We need a pithy term for what you call liberal democracy. The original meaning of the word democracy was direct rule by the citizens assembled. Examples include the Athenian Assembly and New England town meetings. The original meaning of the term has _not_ gone away. You hear it when people such as David Axelrod describe minority obstruction as tyranny of the minority. The new term should strongly imply playing by the rules, and the fact that victory and loss are only temporary.

The Framers distrusted democracy. They feared a tyranny of the majority. I think that unfettered majoritarianism is a prime feature of any flavor of populism. We originally described our federal government as a constitutional republic, with an elected legislature and executive. Calling it a democracy was semantic judo by the Evil Party. The Stupid Party fell for it.

The chief difference between Joe Biden and DJT is that the former is a conventional nose-to-the-trough career Democrat promoted far too high, and DJT is in it for the ego boo. Neither cares much for the rules. Biden is less risky, because he at least pretends to follow them.

Firing an arbitrary half of the federal government is indeed a radical proposal.
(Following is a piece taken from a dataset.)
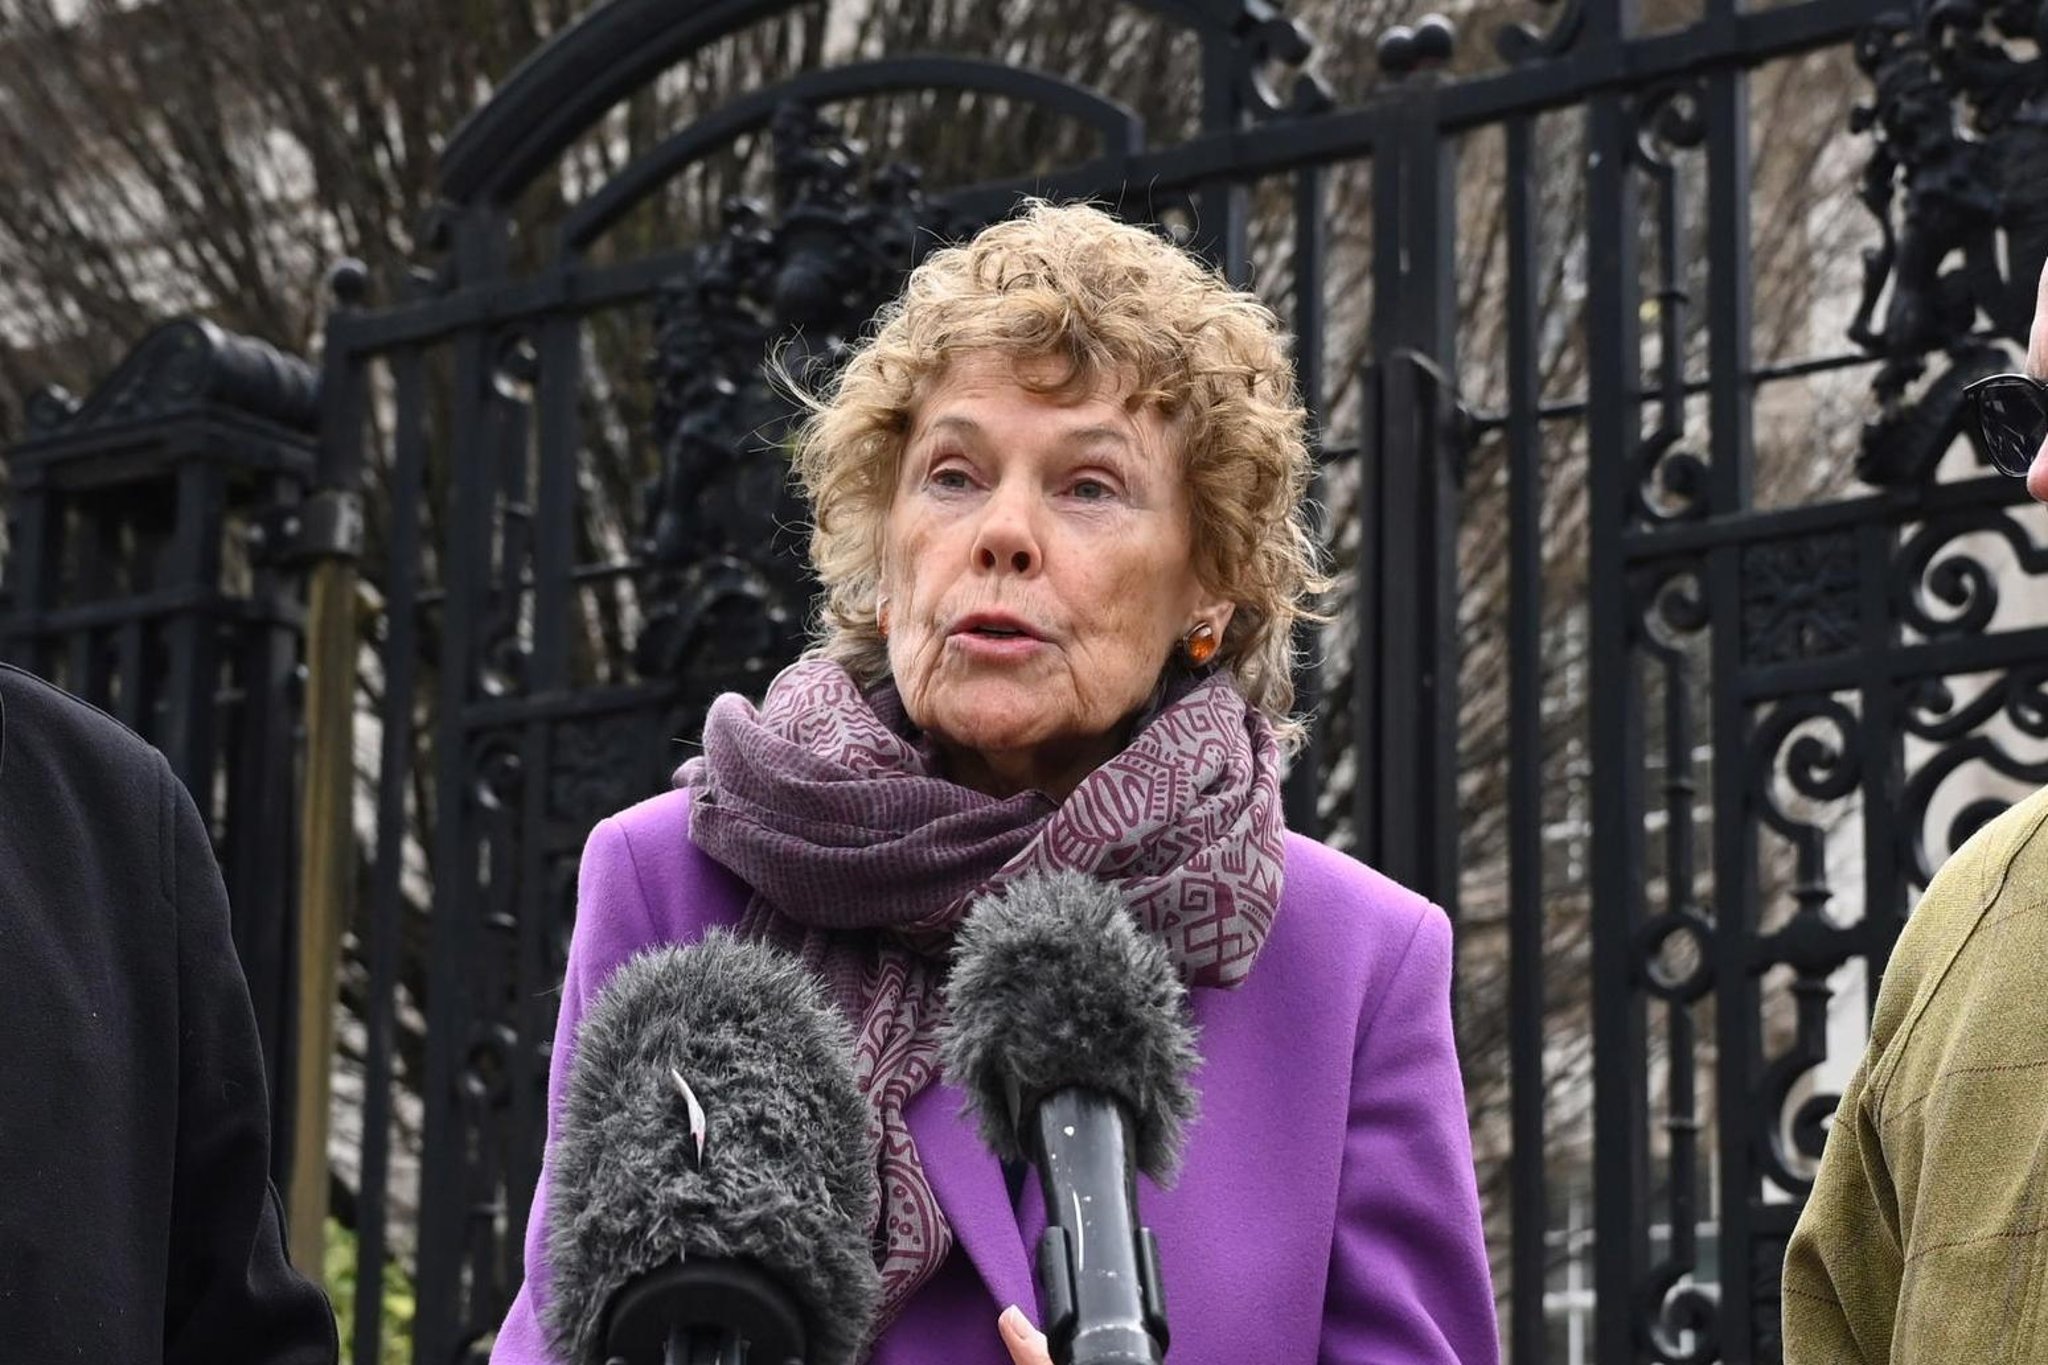 Kate Hoey: The Belfast Agreement, with its fatal deception, is finished

Anything more judicious would require a bureaucracy of its own, probably recruited from the federal government.

We have grown the federal government, particularly in domestic policy, far more than is good for us. The efficiency and effectiveness of any organization are inversely related to the length of the management chain and the complexity of its mission.

Clear, simple domestic policies cannot fit everybody in the USA. Attempts to tailor policy to fix that pose their own problems. James Madison wrote in the Federalist Papers #62:

"It will be of little avail to the people that the laws are made by men of their own choice, if the laws be so voluminous that they cannot be read, or so incoherent that they cannot be understood; if they be repealed or revised before they are promulgated, or undergo such incessant changes that no man who knows what the law is today can guess what it will be to-morrow."

Expand full comment
author

"We need a pithy term for what you call liberal democracy."
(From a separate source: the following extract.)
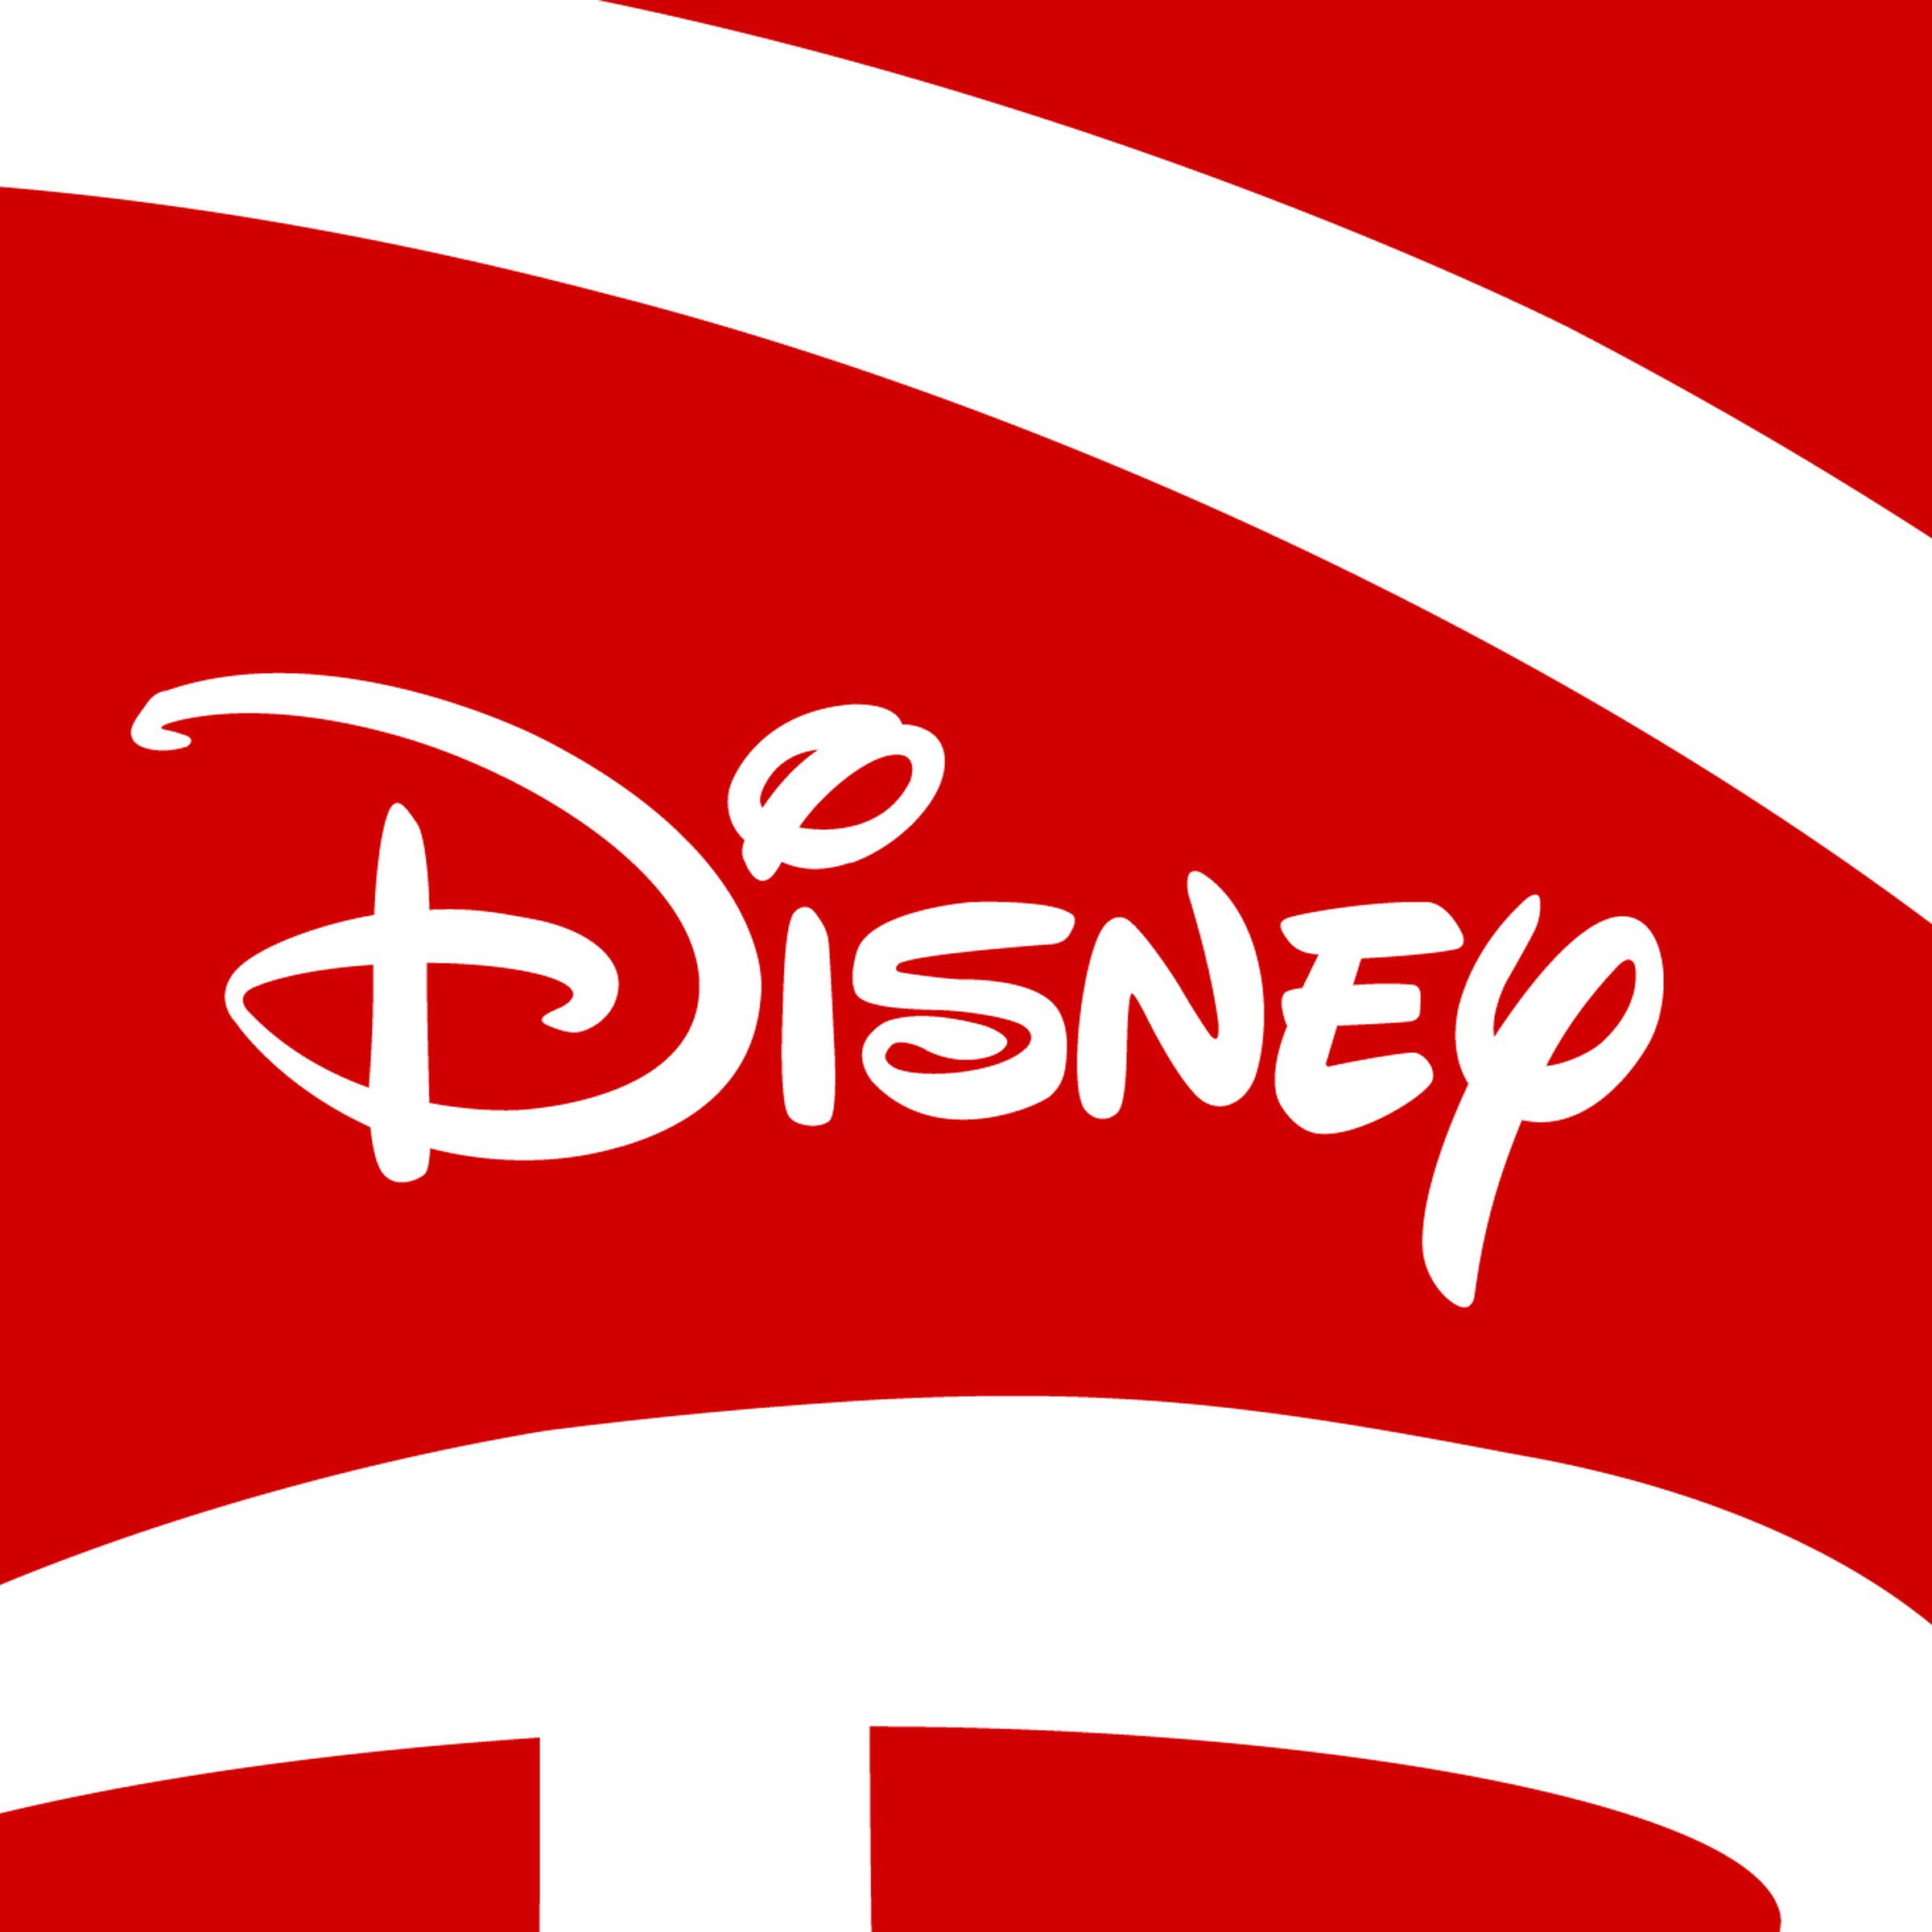 The Disney script logo inside a larger, cropped Disney “D” on a red background. The letters are white.

What's wrong with "liberal democracy?"

Expand full comment

Our electoral college is one example of an “anti democratic” mechanism. It requires that our chief executive get support from most of the country. The Senate is another. Most of the critics of these want unfettered majoritarianism . We can see the results of that in our state governments. The large urban centers tend to mistreat the rural areas.

Expand full comment

I thought the rest of the paragraph explained my reasoning. Apparently it did not.

The USA is not technically a democracy. We have a constitutional republic. There are many things that government is forbidden to do, no matter how many people want it, without going through a deliberately cumbersome process which gives reasonable assurance that it has widespread support. That process misfired dramatically when we passed the 18th amendment, but we eventually fixed it.

Have you never been wronged by the result of a majority vote? We don’t want a democracy. We want liberty under the law. We want the freedom to do as we choose with reasonable confidence that we will remain unmolested. Government is merely a tool for that purpose. The US federal system was, until recently, the best ever invented. Don’t mistake the tool for the objective.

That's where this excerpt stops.